Общего ликования и чувств свободы и возрождения не разделяло в этот день, вероятно, лишь несколько лиц из жителей города и расположенных неподалеку Сысертского и Верх-Исетского заводов. Думается, что разные чувства обуревали этих людей, разные причины влияли на особый уклад их мыслей и дум, и разно проявили они себя в этот и последующие дни, по создании на Урале нового положения.
Я. А. Сакович.
Мрачно, беспокойно было, вероятно, на душе у доктора Николая Арсеньевича Саковича, проживавшего на Госпитальной улице, в доме № 6. Верно, торопился он сжечь некоторые из своих бумаг; верно, со страхом и трепетом подбегал к окну смотреть на улицу, не идет ли кто-нибудь из новых властей к нему? Может, как Иуда, дрожал он, чувствуя неизбежность если не человеческого, то Божьего суда.
“Славным малым”, “ухажором за сестрами”, ловким и ласковым с начальством, любимцем самых младших офицеров, с кличкой - “гусар” - он во время немецкой войны был старшим врачом 5-й артиллерийской бригады.
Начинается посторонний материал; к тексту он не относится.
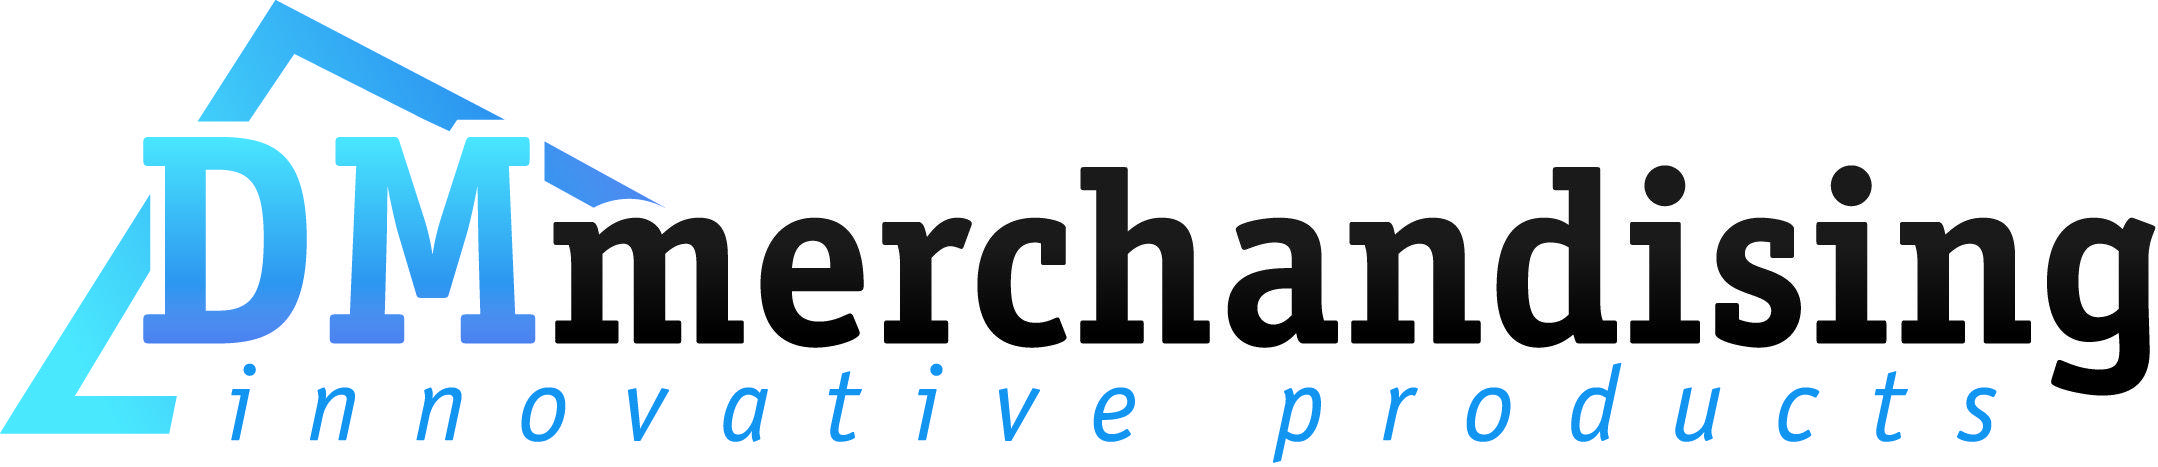 Merchandising Logo - Logo: DM Merchandising - Southeast Marketing

Всегда франтовато одетый, в галифе и со стеком, счастливый игрок в карты, первый во всех пирушках и пикниках и громче всех оравший “Боже Царя храни!” - таков он был и таковым его застала в Москве, в отпуске, февральская революция 1917 года.
“Еще в студенческие годы, - заявил он, вернувшись из отпуска в бригаду, - я был видным партийным работником Партии социал-демократов”, и каялся, что отсталое и реакционное общество офицеров дурно влияло на него. Он стал первым на митингах, первым по “углублению революции”, первым в работе разрыва офицера с солдатом и говорил, что только он один в бригаде разбирается в моменте и может вести за собой солдат бригады.
Спустя год от Саковича услышали: “Я не принадлежу ни к какой Партии и не принадлежал, но был записан в Екатеринбурге, в декабре, как сочувствующий, в партию социалистов-революционеров”. В январе 1918 года, по его словам, он отказывается принять звание “Областного Комиссара Здравоохранения” и считает себя Областным Санитарным врачом, но принимает от Областного Исполнительного Комитета печать “Областного Комиссара Здравоохранения” и на всех исходящих от него бумагах и распоряжениях ставит эту печать.
“Областного Совета депутатов и Исполнительного Комитета я не знаю, - говорит он, - но знал только Председателя Белобородова и комиссаров: Сафарова, Войкова, Голощекина, Юровского, Полякова, Краснова, Хотимского (все евреи), Тупетула (латыш), Сыромолотова, Анучина и Меньшикова (русские)”.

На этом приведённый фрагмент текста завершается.